Standard SoP and PoS forms
Standard SoP form
- It stands for Standard Sum of Products form.
- In this, each product term need not contain all literals.
- So, the product terms can or cannot be the min terms.
- Therefore, it is therefore the simplified form of canonical SoP form.
Standard SoP of output variable can be obtained by two steps.
- Getting the canonical SoP form of output variable
- Simplification the above Boolean function.

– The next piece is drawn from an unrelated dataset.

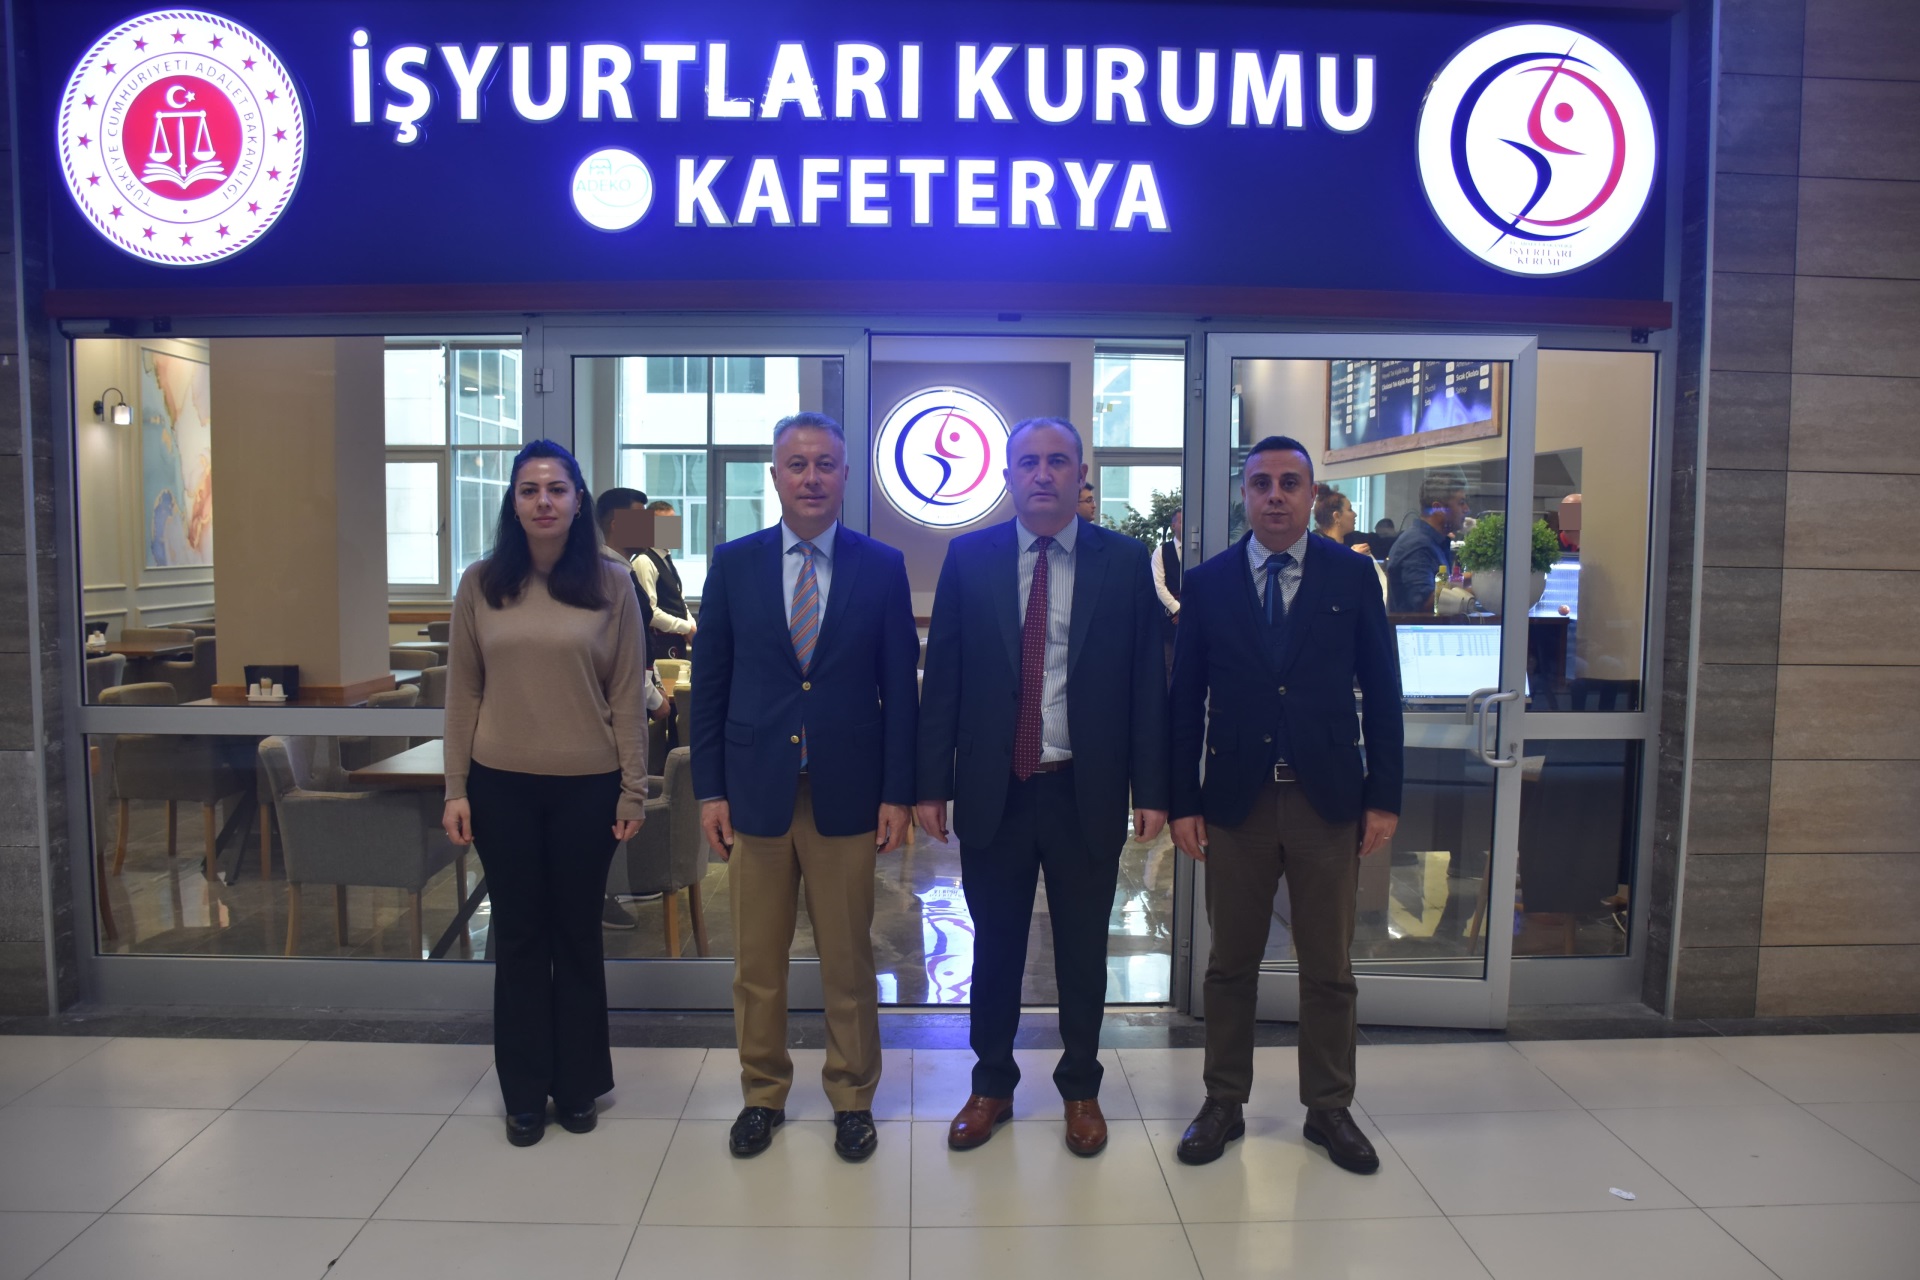 Kurumumuz İşyurtlarına bağlı kafeteryası Adana Adliyesinde hizmete açılmıştır.

The same procedure is followed for other output variables too, if there is more than one output variable.
Numerical
Convert the Boolean function into Standard SoP form.
f = p’qr + pq’r + pqr’ + pqr
Solution:
Step 1 – By using the Boolean postulate, x + x = x and also writing the last term pqr two more times we get
⇒ f = p’qr + pq’r + pqr’ + pqr + pqr + pqr
Step 2 – By Using Distributive law for 1st and 4th terms, 2nd and 5th terms, 3rdand 6th terms.
⇒ f = qr (p’ + p) + pr (q’ + q) + pq (r’ + r)
Step 3 – Then Using Boolean postulate, x + x’ = 1 we get
⇒ f = qr (1) + pr (1) + pq (1)
Step 4 – hence using Boolean postulate, x.1 = x we get
⇒ f = qr + pr + pq
⇒ f = pq + qr + pr
This is the required Boolean function.
Standard PoS form
- It stands for Standard Product of Sum form.
- Here, each sum term need not contain all literals.
- So, the sum terms can or cannot be the Max terms.
- Therefore, it is the desired simplified form of canonical PoS form.
Standard PoS form of output variable is obtained by two steps.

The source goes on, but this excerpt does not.